** Opening GIVEN RECORDS block **

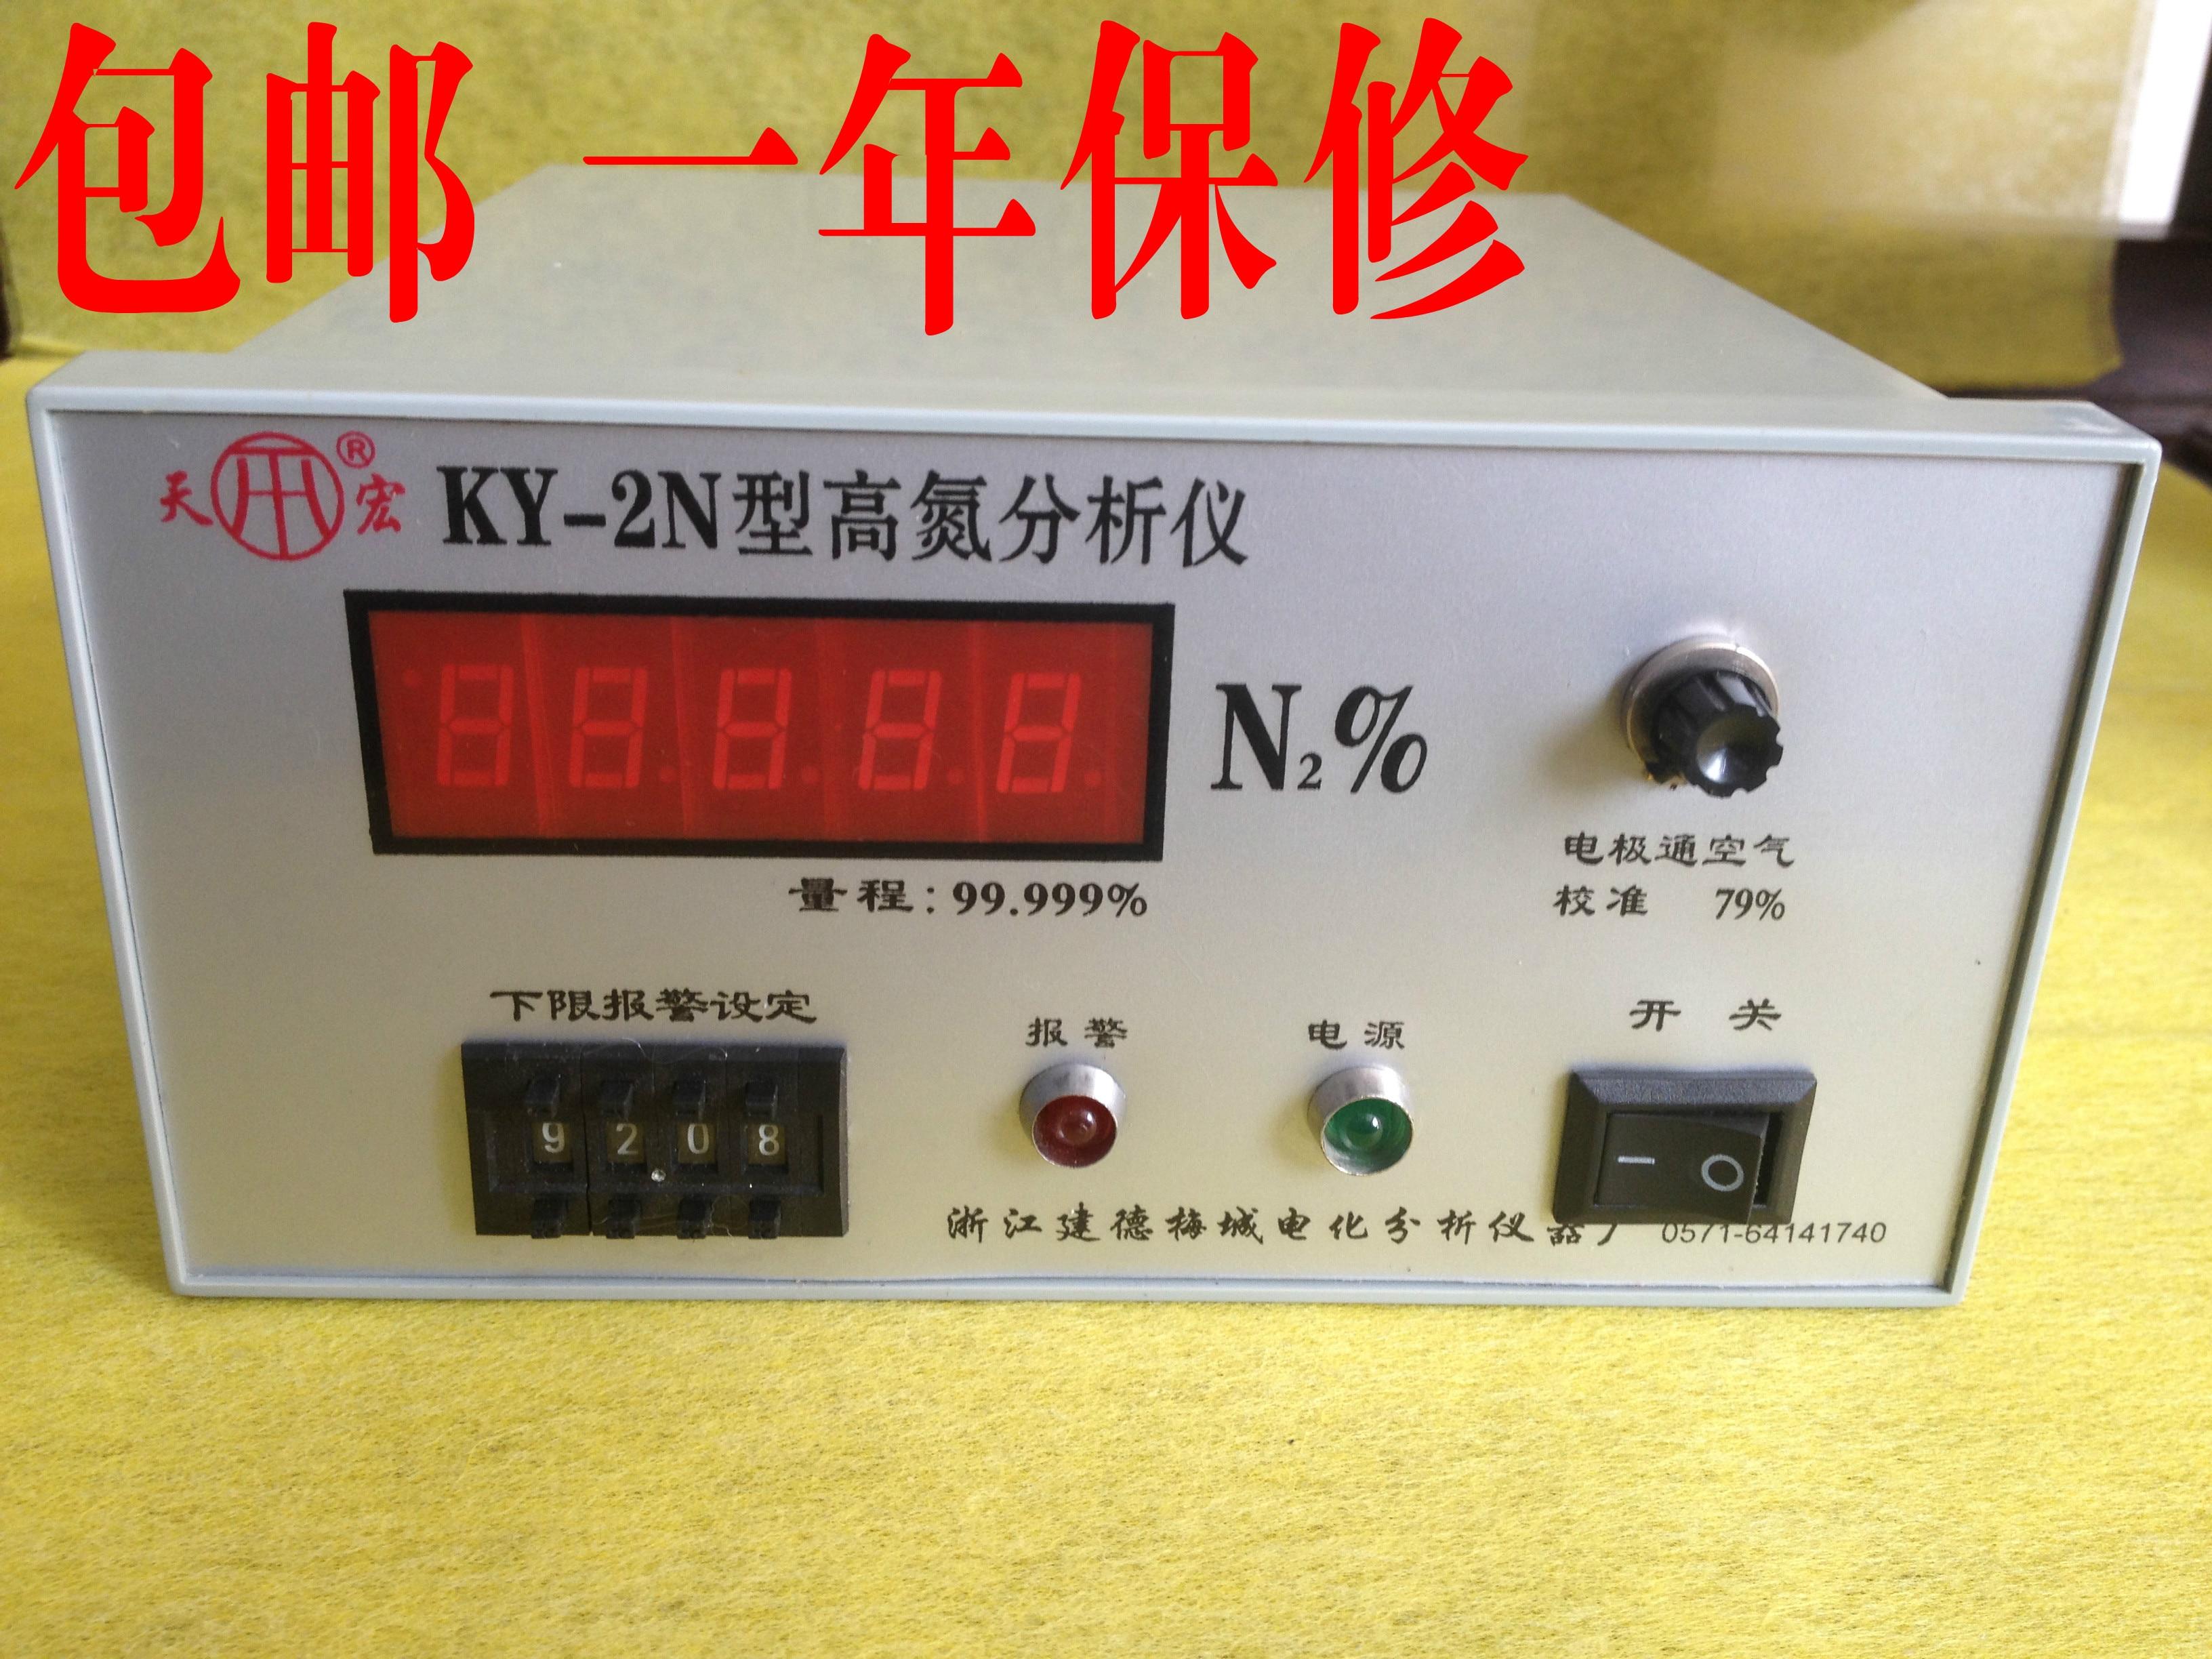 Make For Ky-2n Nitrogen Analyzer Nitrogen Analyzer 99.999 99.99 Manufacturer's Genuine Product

** Closing GIVEN RECORDS block **
** Opening GIVEN RECORDS block **

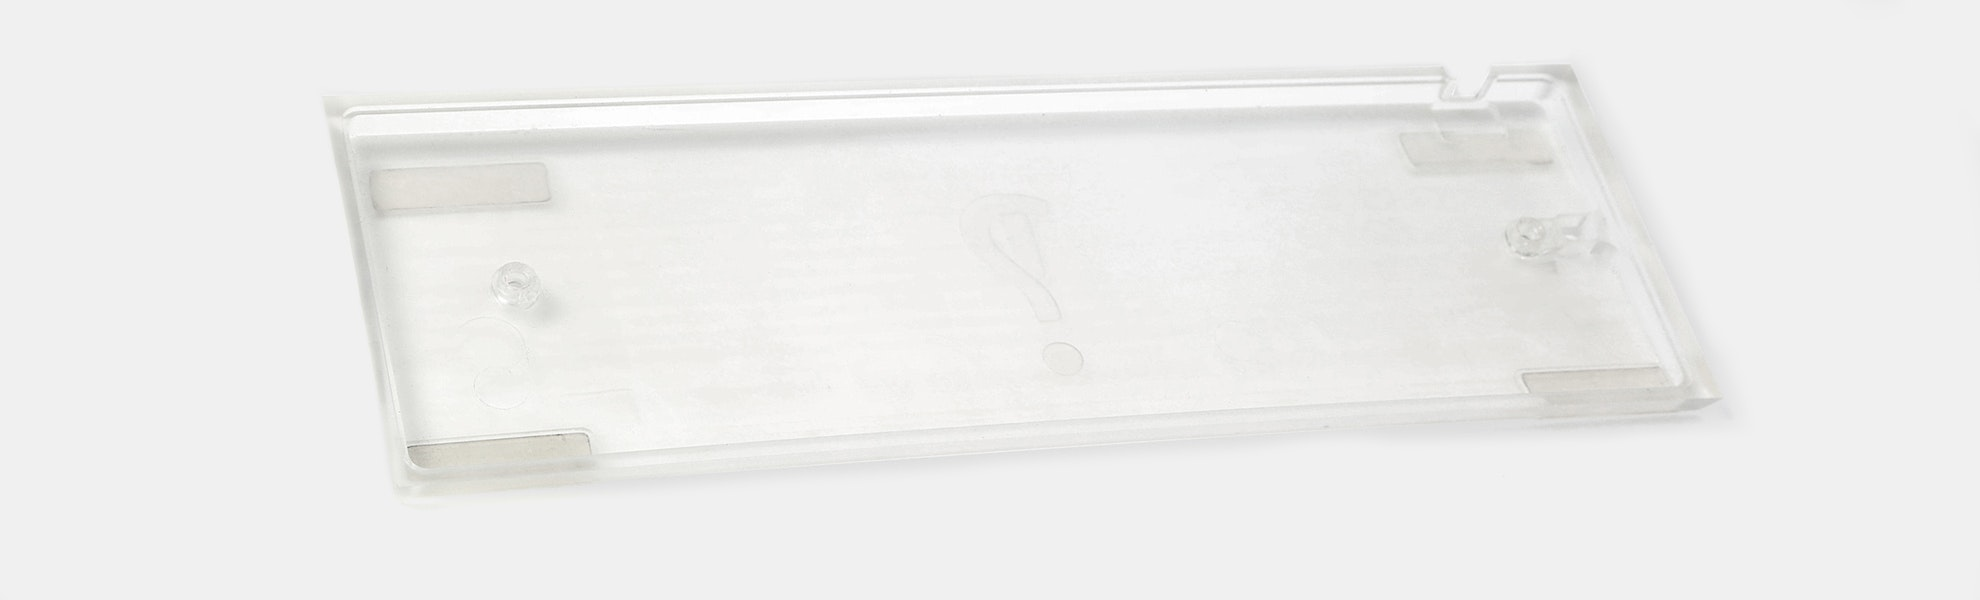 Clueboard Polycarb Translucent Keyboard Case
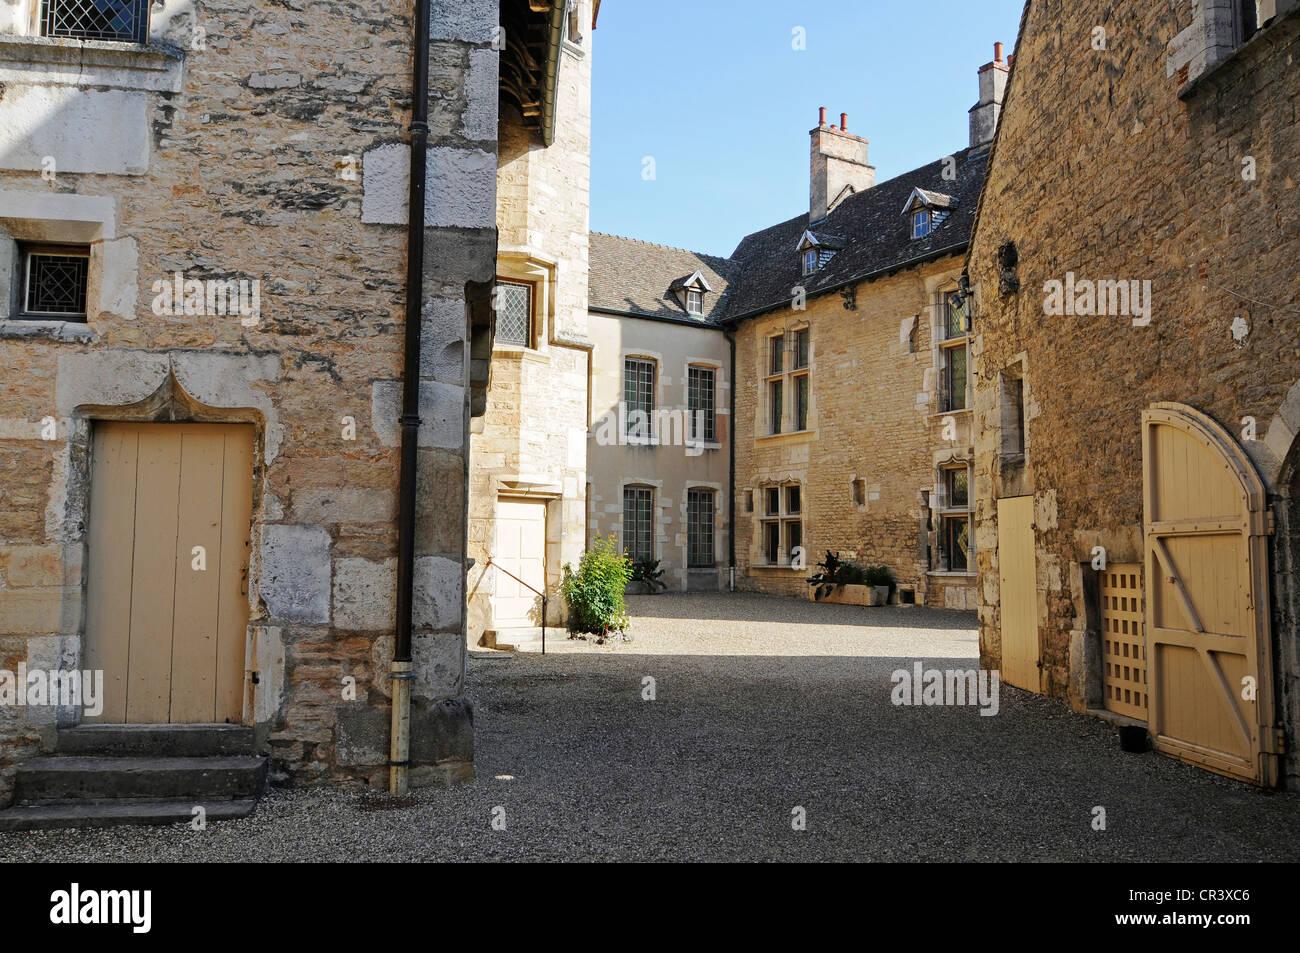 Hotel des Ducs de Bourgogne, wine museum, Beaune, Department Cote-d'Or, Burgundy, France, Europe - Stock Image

** Closing GIVEN RECORDS block **
** Opening GIVEN RECORDS block **

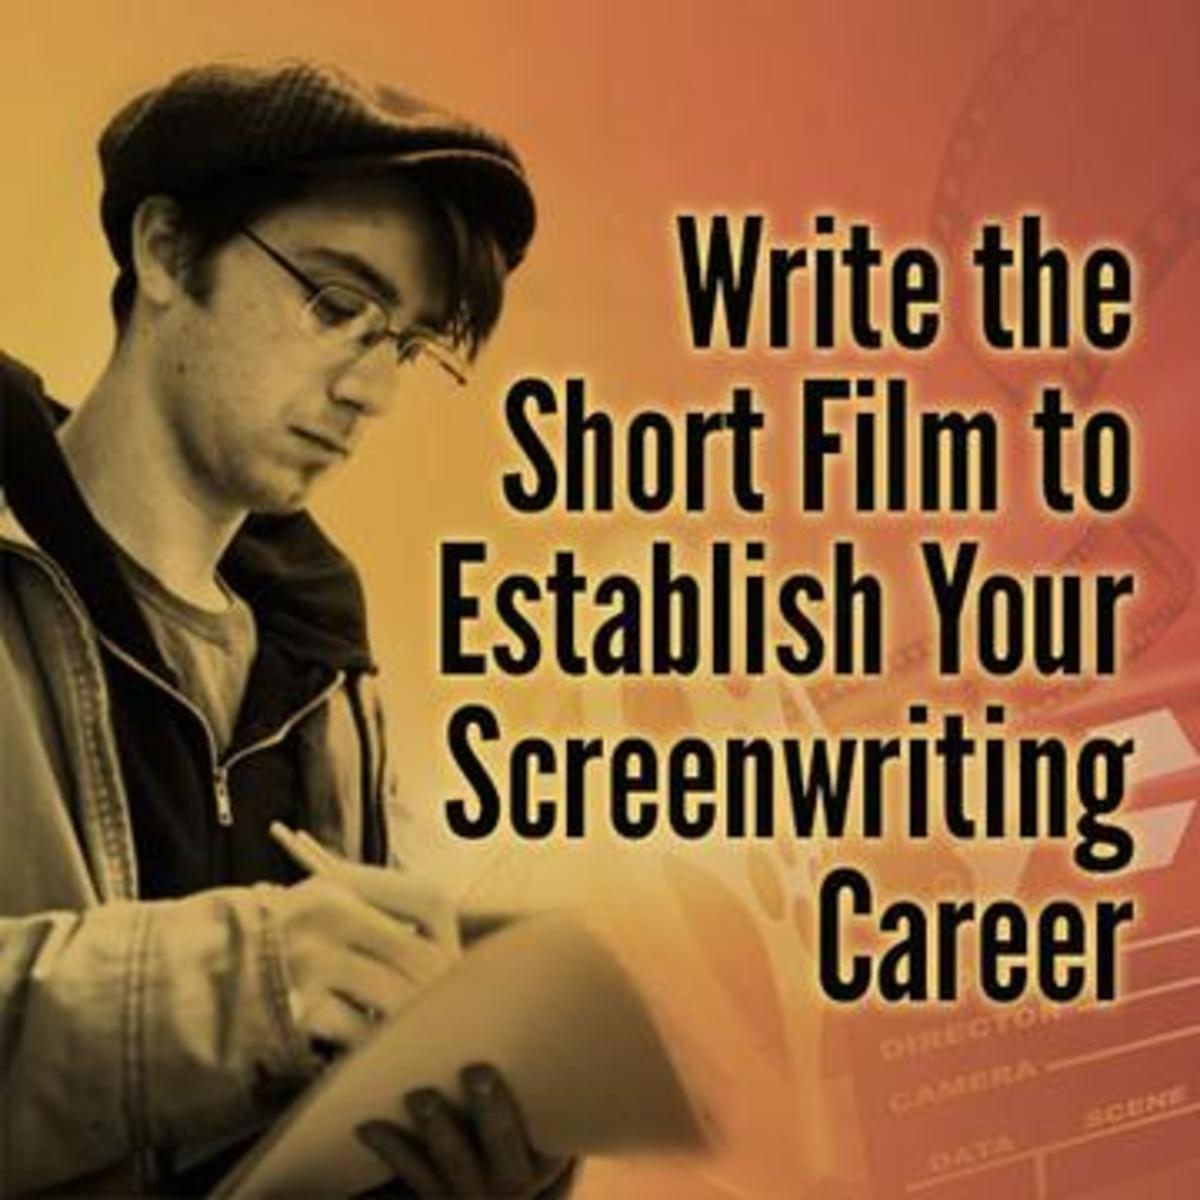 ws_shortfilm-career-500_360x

** Closing GIVEN RECORDS block **

## WHAT THE TASK ASKS
Repeat, word for word, the lines of the material above from the one holding "Clueboard Polycarb Translucent Keyboard Case" through the one holding "Hotel des Ducs". Leave out pictures.

## RESPONSE BELOW
 Clueboard Polycarb Translucent Keyboard Case
 Hotel des Ducs de Bourgogne, wine museum, Beaune, Department Cote-d'Or, Burgundy, France, Europe - Stock Image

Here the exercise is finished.